The value of $$\cot\left(\sum_{n=1}^{50} \tan^{-1}\left(\frac{1}{1+n+n^2}\right)\right)$$ is

We need to find $$\cot\left(\sum_{n=1}^{50} \tan^{-1}\left(\frac{1}{1+n+n^2}\right)\right)$$. Note that $$1 + n + n^2 = 1 + n(1 + n)$$, so $$\frac{1}{1 + n + n^2} = \frac{(n+1) - n}{1 + n(n+1)}$$.

Using the inverse tangent subtraction formula $$\tan^{-1}A - \tan^{-1}B = \tan^{-1}\frac{A - B}{1 + AB}$$, we get $$\tan^{-1}\frac{(n+1) - n}{1 + n(n+1)} = \tan^{-1}(n+1) - \tan^{-1}(n)$$. Hence the sum telescopes:

$$\sum_{n=1}^{50} \tan^{-1}\left(\frac{1}{1+n+n^2}\right) = \sum_{n=1}^{50} [\tan^{-1}(n+1) - \tan^{-1}(n)] = \tan^{-1}(51) - \tan^{-1}(1) = \tan^{-1}(51) - \frac{\pi}{4}$$.
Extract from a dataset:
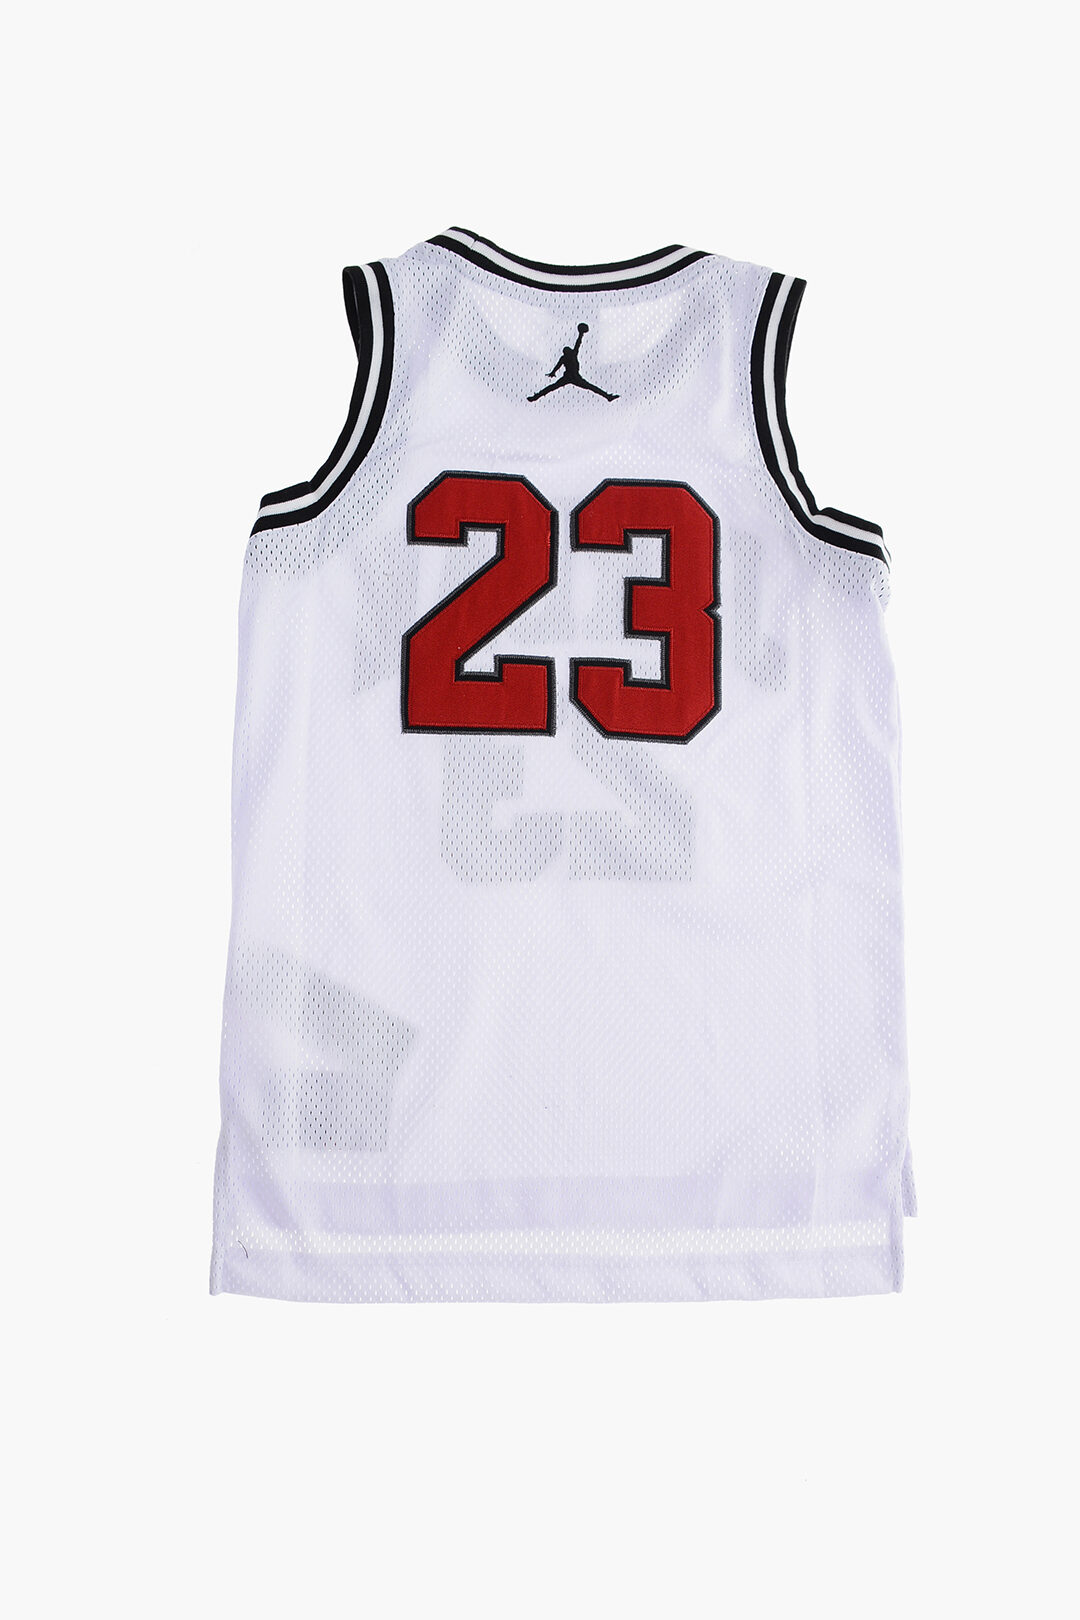 Nike Boys Air Jordan 23 White Jersey Sleeveless Tank Top Size Large 12/13  Yrs

Let $$\theta = \tan^{-1}(51) - \frac{\pi}{4}$$. Then $$\tan\theta = \tan\left(\tan^{-1}(51) - \frac{\pi}{4}\right) = \frac{51 - 1}{1 + 51 \cdot 1} = \frac{50}{52} = \frac{25}{26}$$, so $$\cot\theta = \frac{1}{\tan\theta} = \frac{26}{25}$$.

The correct answer is Option C: $$\frac{26}{25}$$.